Advanced Tip: Explicit Imports vs. Global Setup
You might have heard of Jest's `globalSetup` and `globalTeardown` configurations. These allow you to run a script once before and after *all* your test suites.
- Pros of Global Setup: Can be faster, as the browser is launched only once for the entire test run.
- Cons of Global Setup: It hides dependencies. A test file might magically work without you knowing why. It also makes it harder to run a single test file in isolation and can lead to state bleeding between test files if not managed carefully.
My Recommendation for 2025: Stick with the explicit, per-suite import approach shown in this guide. The clarity, test isolation, and maintainability it provides far outweigh the minor performance gain of a global setup for most projects.
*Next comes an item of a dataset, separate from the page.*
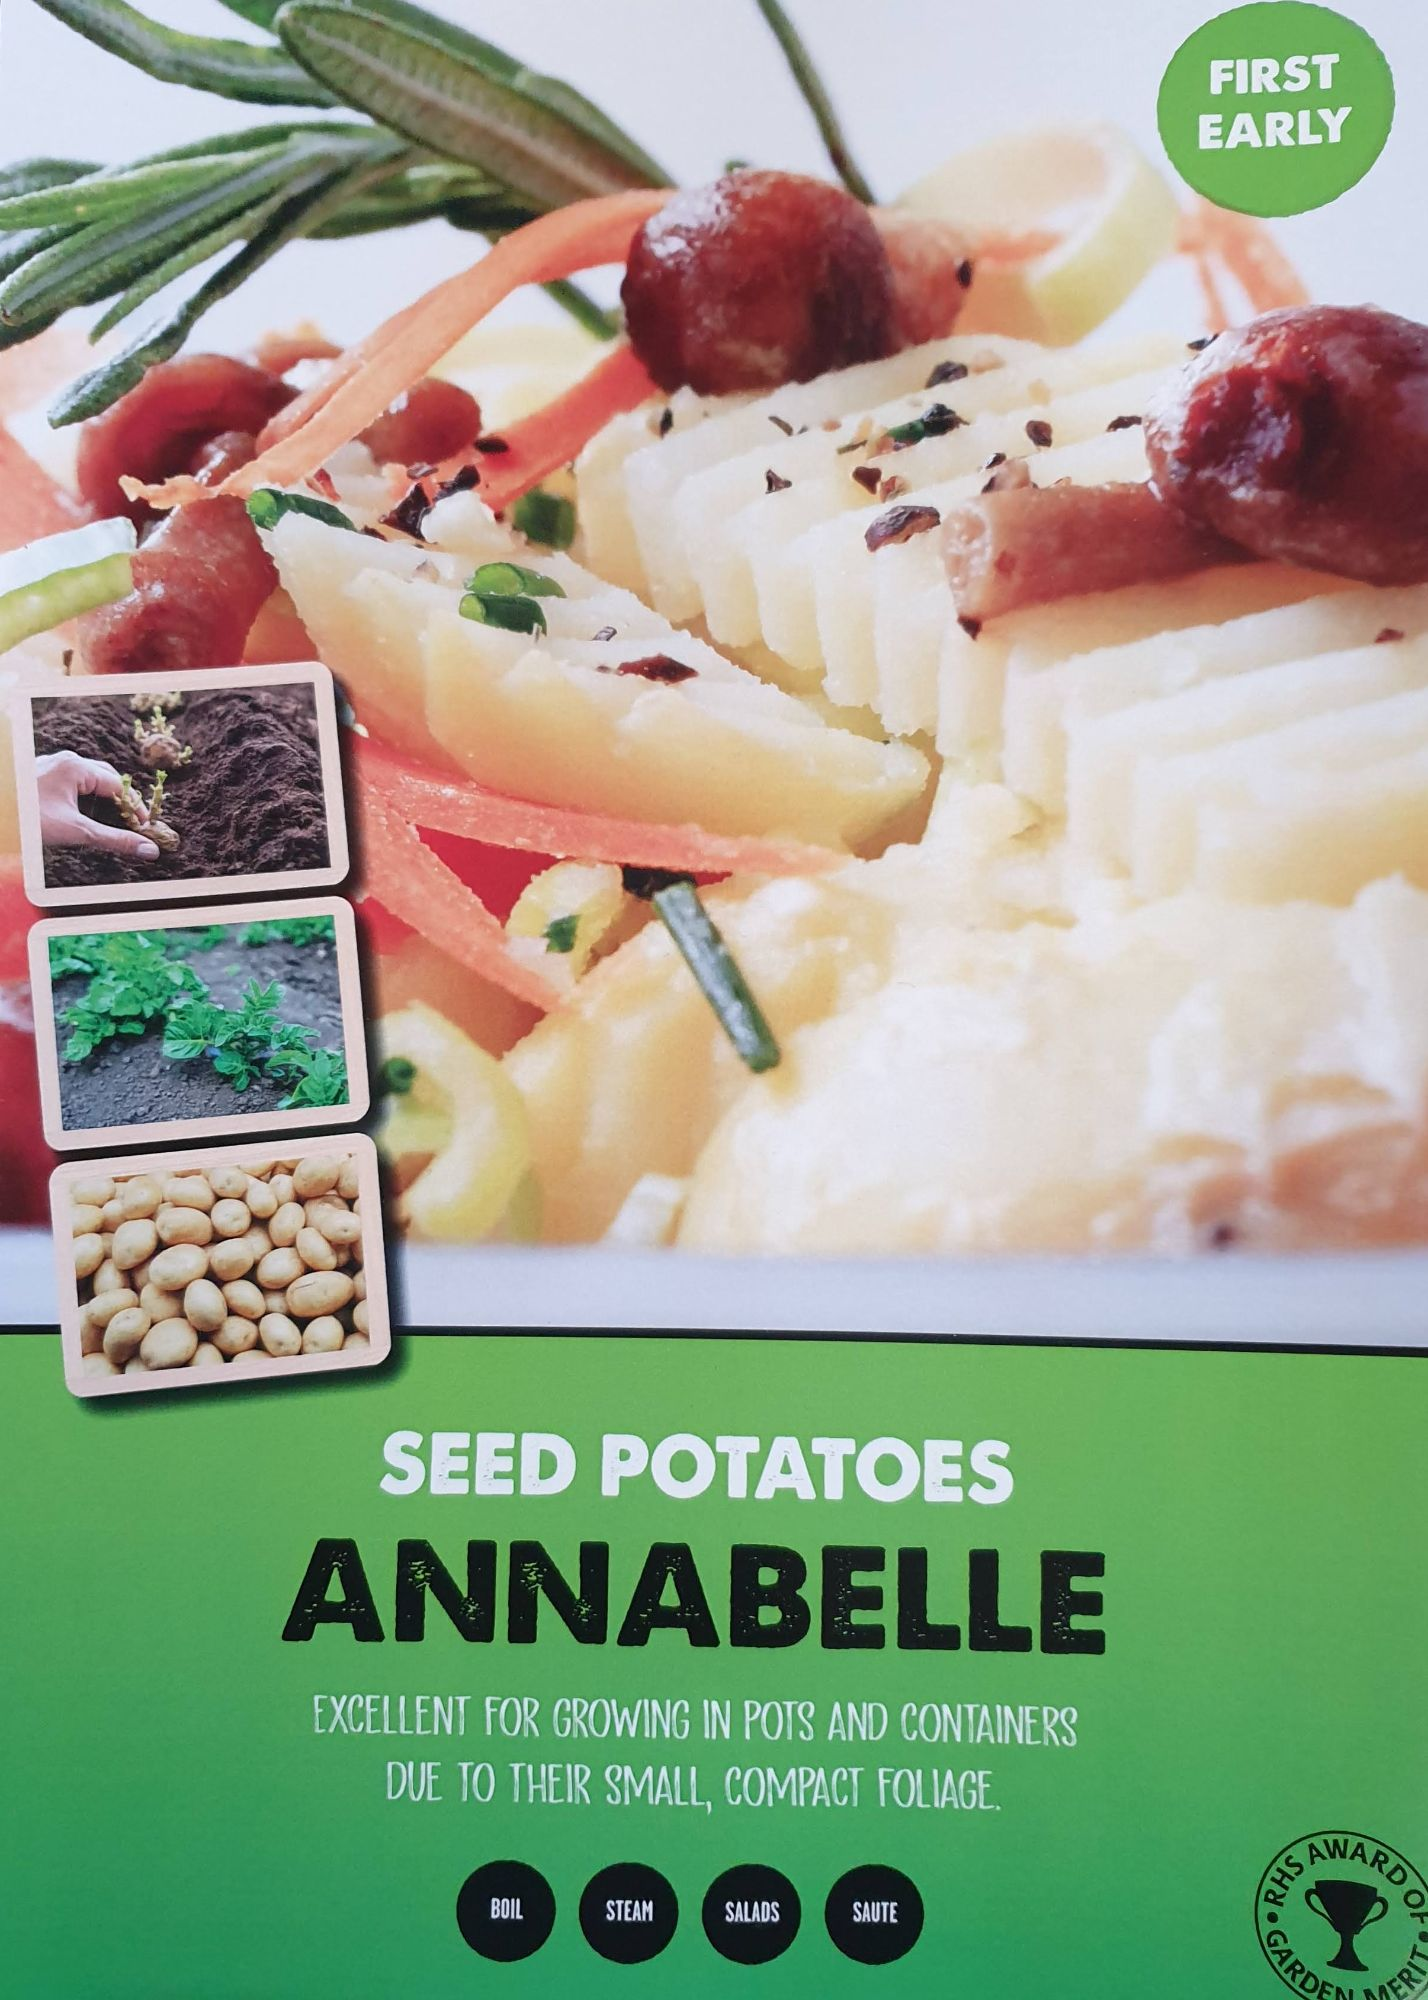 annabelle_seed_potato_info.jpg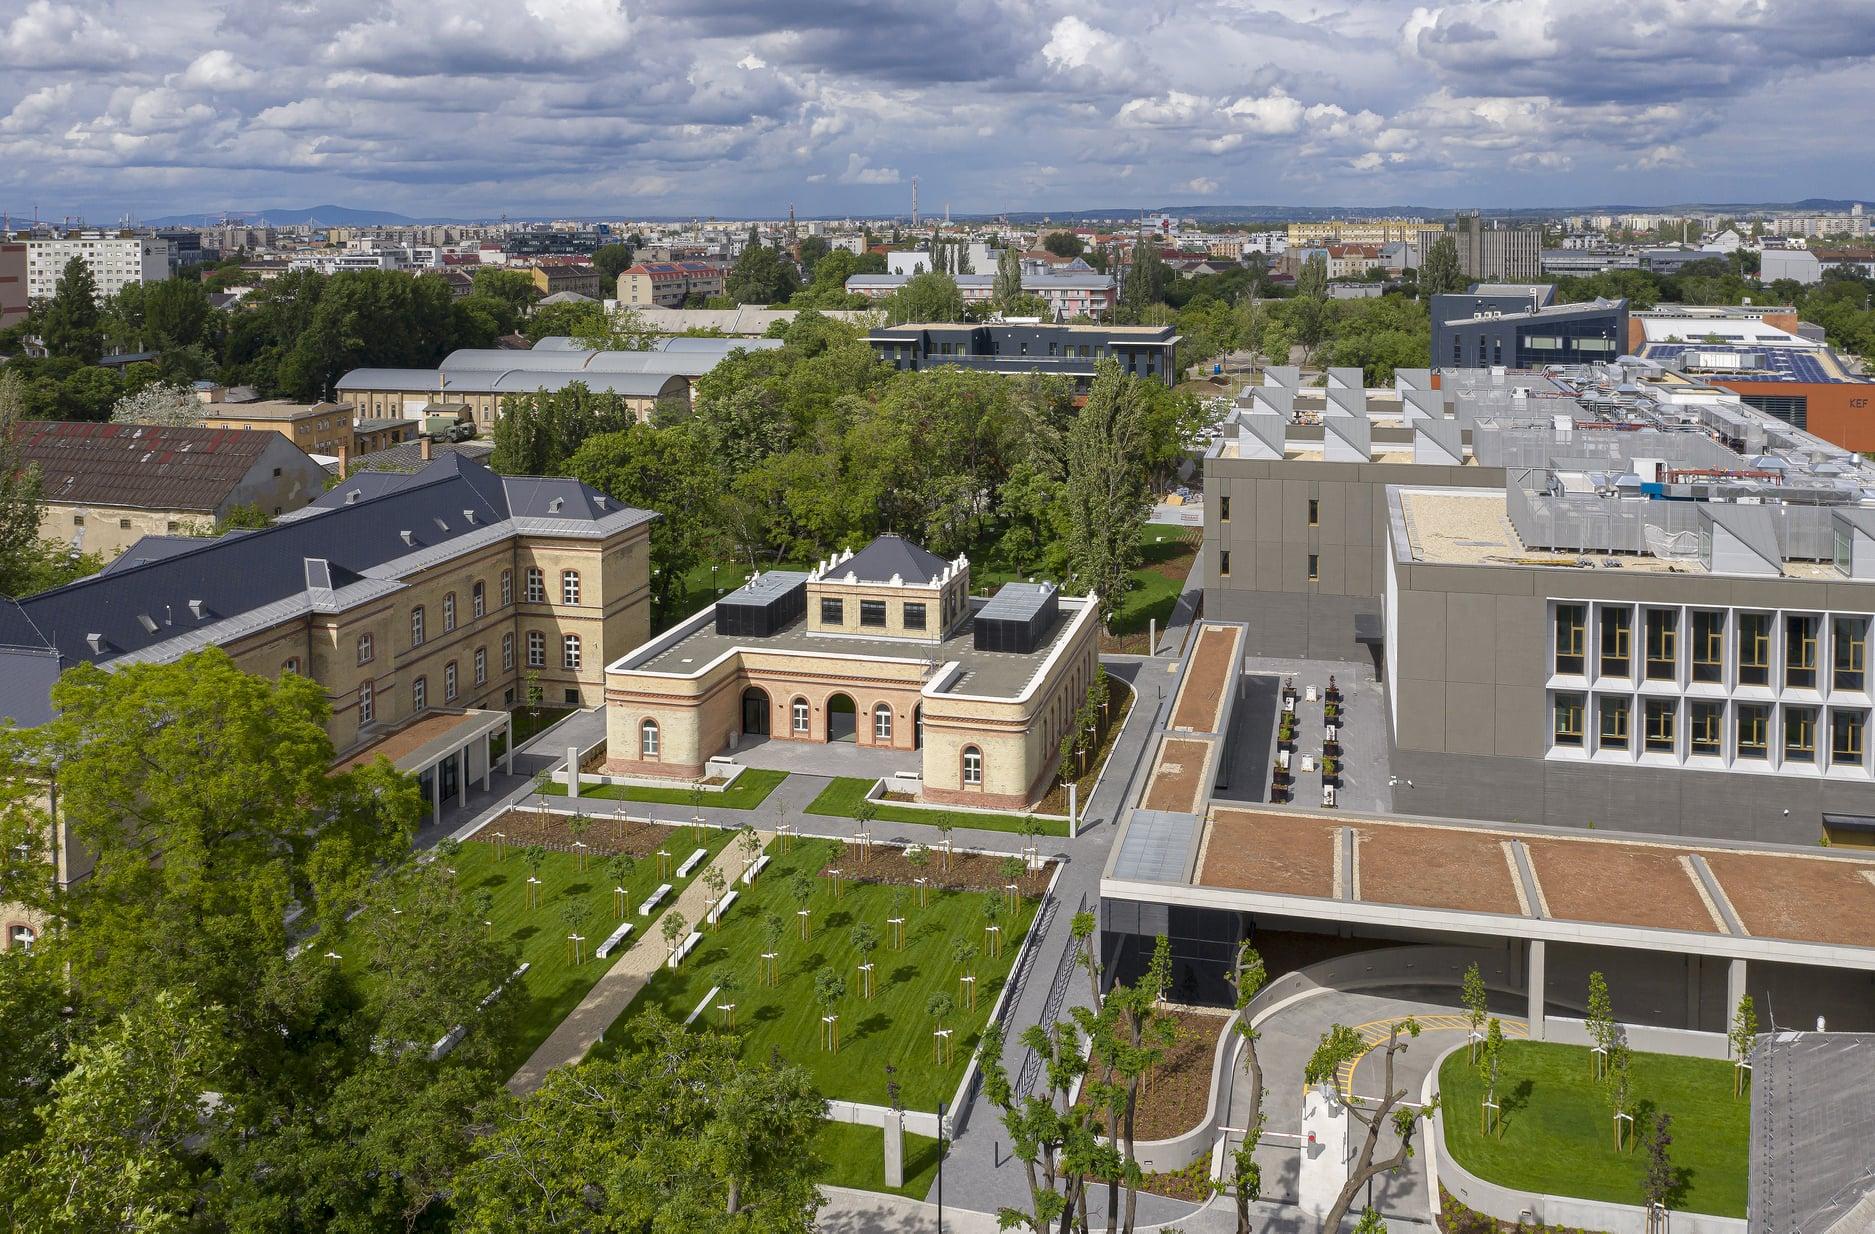 Liget Budapest architecture museum

It forces a clear dependency chain and makes your test suites self-contained and robust.
Conclusion: Test Smarter, Not Harder
By moving your Puppeteer lifecycle logic and common actions into dedicated helper modules, you achieve a level of organization that pays dividends immediately. Your tests become:
- Readable: They describe business logic, not setup procedures.
- Maintainable: Update a launch option or a login selector in one place.
- Scalable: Adding new tests and helpers is simple and clean.
Stop fighting boilerplate and start writing E2E tests that are a pleasure to work with. Adopt this helper import pattern and spend your time building reliable, high-quality applications.